Искатель, 2013 № 09 - Сергей Саканский 10 стр.


Ульяна уткнулась в бумажки.

— Да я просто спросила. Пришло в голову — и спросила. Думала, новенькая…

— За мужа, что ли, переживаешь? Думаешь, уведут? Как это я сразу не догадался, дурак старый, — Демьяныч засмеялся. — Не бойся. Гришка твой парень крепкий, на всех хватит.

— Да ну вас, Иван Демьяныч! — Ульяна покраснела.

— Да не обижайся ты, девка! Шутки у меня такие, солдатские. Пора бы привыкнуть. Замужем она, сказал же, замужем.

Ульяна перебирала бумаги. Дура, зачем спросила? Хотя лучше у него, чем у кого-то еще. Он хоть не скажет, а бабы сразу догадаются, сплетни пойдут. Даже он догадался, хоть и не понял, что к чему.

Через неделю председатель засобирался в леспромхоз, по делам. Ульяна с ним напросилась.

— Тебе-то зачем?

— Бумажки они передали, там подписи не хватает.

— Так давай я поставлю. Скажи где, и все сделаю.

— Вы забудете, а мне отчет сдавать. Самой, что ли, потом ехать?

— И то правда, могу и забыть. Ну, поехали. Заодно увидишь, где муж работает. Да и мне веселее будет.

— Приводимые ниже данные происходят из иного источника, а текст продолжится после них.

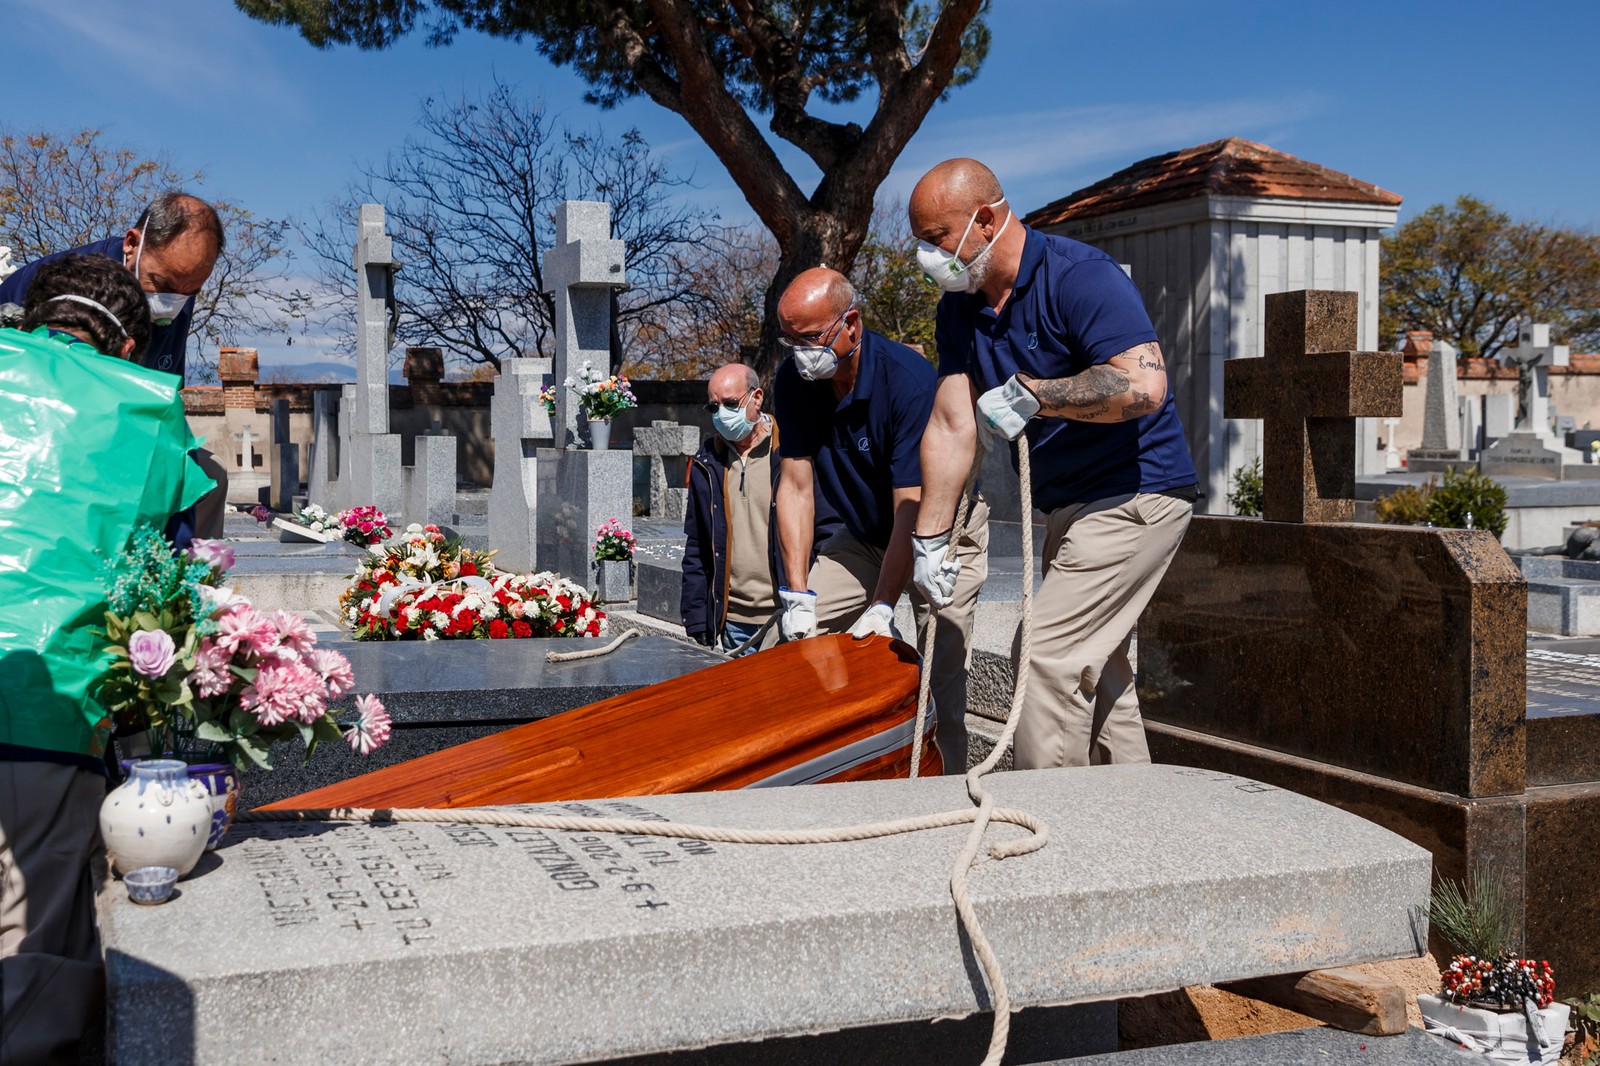 Funcionários de uma funerária usam máscaras durante o enterro de vítima da COVID-19 no cemitério de Fuencarral em Madri, na Espanha

Старенький «газик» трясся по ухабам, буксовал в грязи, и Ульяне казалось, что голова ее привязана на тонкой ниточке, которая вот-вот оторвется.

— Иван Демьяныч, а помедленнее нельзя? Всю душу сейчас вытрясете…

— Некогда, Уля, некогда. Да и зачем медленнее? Дорога пустая… Сейчас на шоссе выйдем, легче будет.

В леспромхозе Демьяныч оставил Ульяну, а сам побежал по своим делам.

— Ты, Уля, иди, делай там что хотела, а потом жди меня возле машины.

— Хорошо.

Ульяна прошла в контору — небольшое кирпичное здание на кромке леса. Открыла дверь и растерялась. В большой комнате сидело несколько женщин. Они пили чай и болтали.

— Вам кого? — Одна из них, чернявая, молодая, заметила Ульяну и обратилась с вопросом.

— Мне учетчицу.

— Я учетчица.

— Марина?

— Она самая. Что хотела?

— Подпись на бумаге поставить.

— Что за бумага?

Ульяна протянула бумажки, прихваченные для оправдания своего посещения. Чтобы не было подозрительно.

— Да тут же все есть — и директор наш, и бухгалтер расписались… Я-то вам зачем?

— Не знаю… — Ульяна пожала плечами. — Проверка приезжала, велели подпись поставить… Мне что велят, то я и делаю. Наш председатель меня привез, сказал, чтобы сделала.

— Ну, как знаете, мне нетрудно, особенно после начальства. — Девушка размашисто расписалась. — Пожалуйста.

— Спасибо. — Ульяна взяла у нее из рук бумажку и вышла.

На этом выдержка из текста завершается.